- Theatrical release poster
- Directed by: Jack King
- Story by: Carl Barks Jack Hannah
- Produced by: Walt Disney
- Starring: Clarence Nash
- Music by: Paul Smith
- Color process: Technicolor
- Production company: Walt Disney Productions
- Distributed by: RKO Radio Pictures
- Release date: November 5, 1943;
- Running time: 7 minutes
- Country: United States
- Language: English

= The Old Army Game =

1943 Donald Duck cartoon

The Old Army Game is a 1943 World War II cartoon starring Donald Duck that was produced by Walt Disney and distributed by RKO Radio Pictures.

==Plot==
Sergeant Pete inspects a camp at night, taking note of the varied snores coming from the sleeping soldiers' barracks. When he hears a snatch of snoring repeat itself, he enters one building and finds a phonograph playing the sound effects from a record that has begun to skip. Donald's bunk and several others are occupied by dummies, making Pete realize that the men and duck have gone AWOL.

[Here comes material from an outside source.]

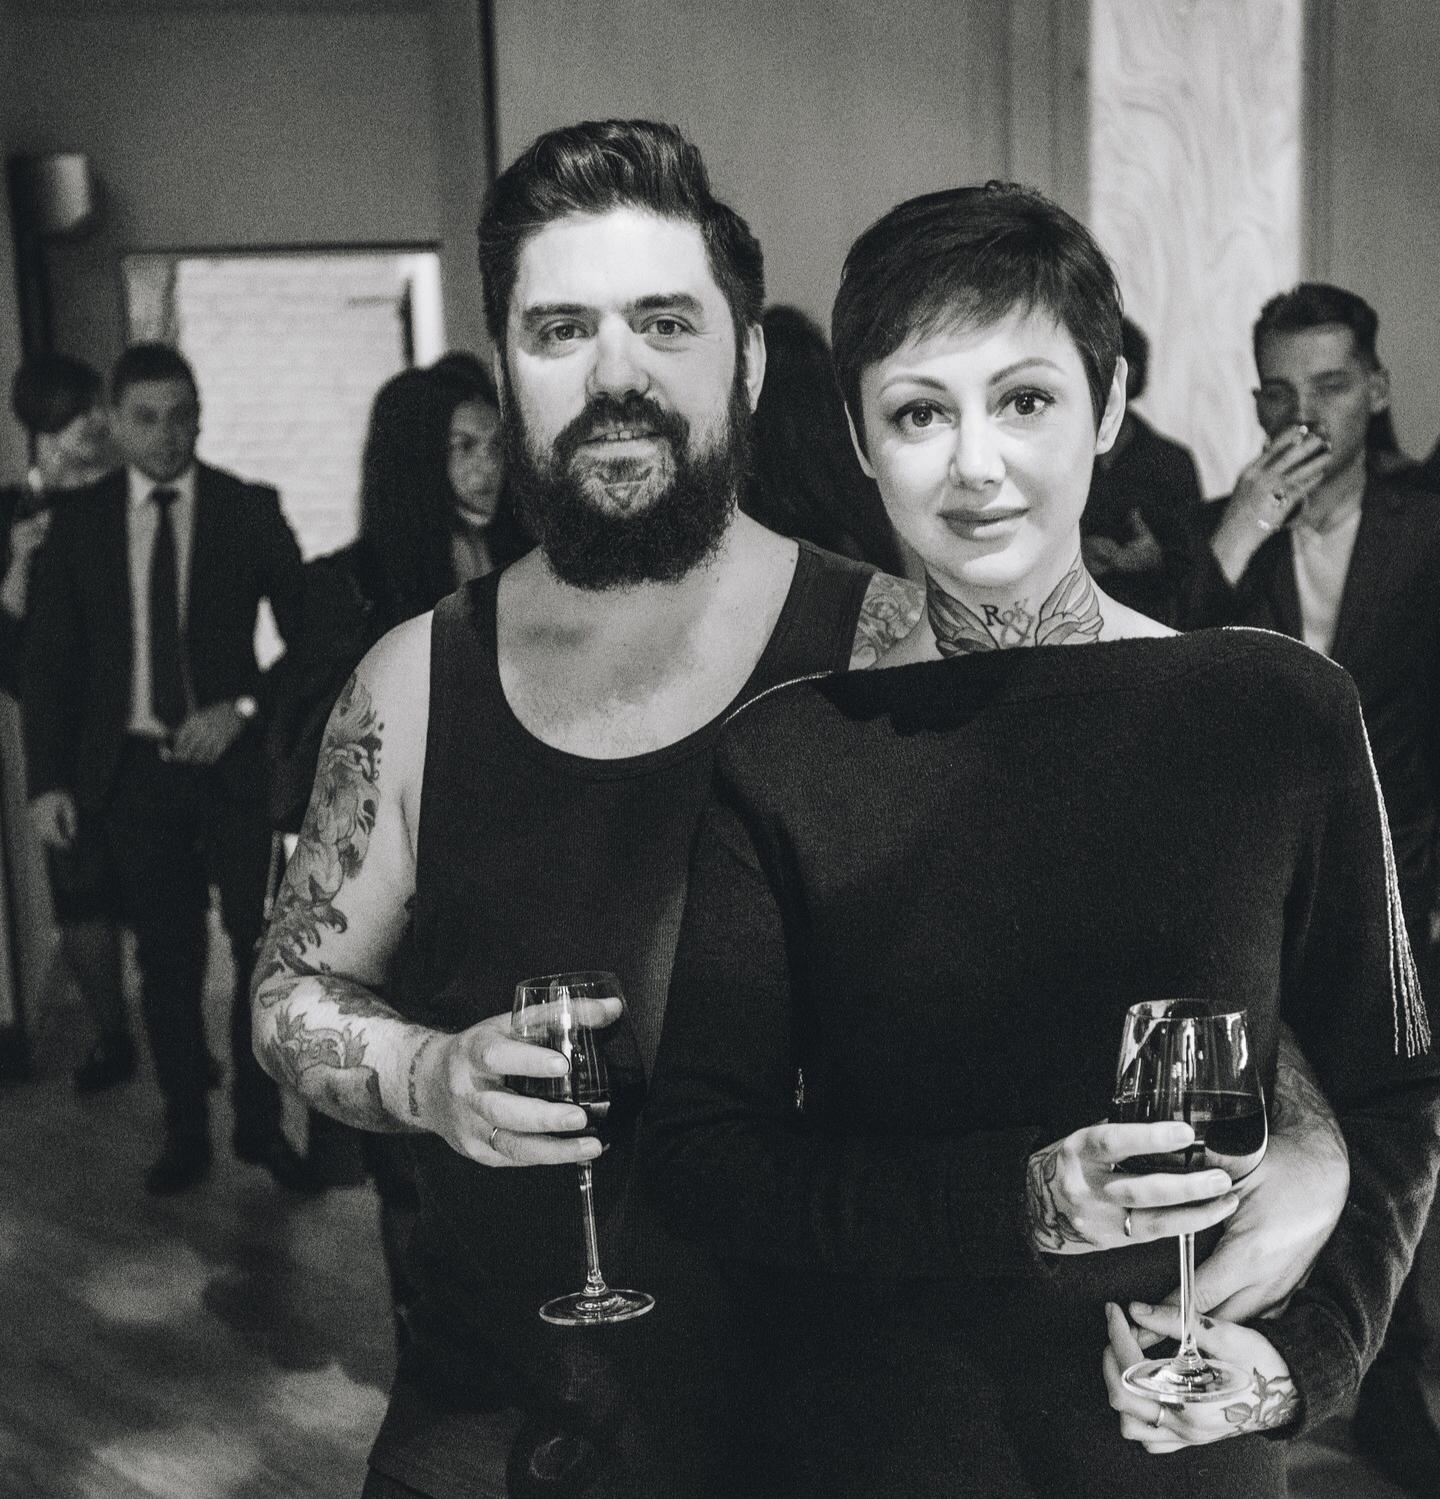 Давлятова Роман и Екатерина тату ап _edi

Donald hitches a ride back to camp and sneaks past the guards and into his barracks, settling down in his bunk without seeing that Pete is already there. Once Donald takes notice, he runs out and hides under one of three boxes, mixing them up to fool Pete. Pete checks the boxes repeatedly but fails to find Donald, then kicks the box in which he is hiding across the compound. It slides across the top of a bladed fence and splits in half; Donald, landing in a waist-deep hole, thinks that he too has been cut apart and begins to cry. Pete catches up to him and also starts to cry when he takes in the situation, and Donald takes his pistol and attempts to shoot himself. When Pete urges him to do it behind some nearby bushes, Donald crawls out of the hole and sees that his lower half is still intact. He is relieved, but Pete becomes furious at the deception and begins chasing him down the road. They slow their pace upon finding a sign marked with a speed limit of 35 miles per hour, the music slowing as well, and the chase continues as the cartoon ends.

==Voice cast==
- Donald Duck: Clarence Nash
- Pete: Billy Bletcher

==Home media==
The short was released on May 18, 2004, on Walt Disney Treasures: Walt Disney on the Front Lines and on December 6, 2005, on Walt Disney Treasures: The Chronological Donald, Volume Two: 1942-1946.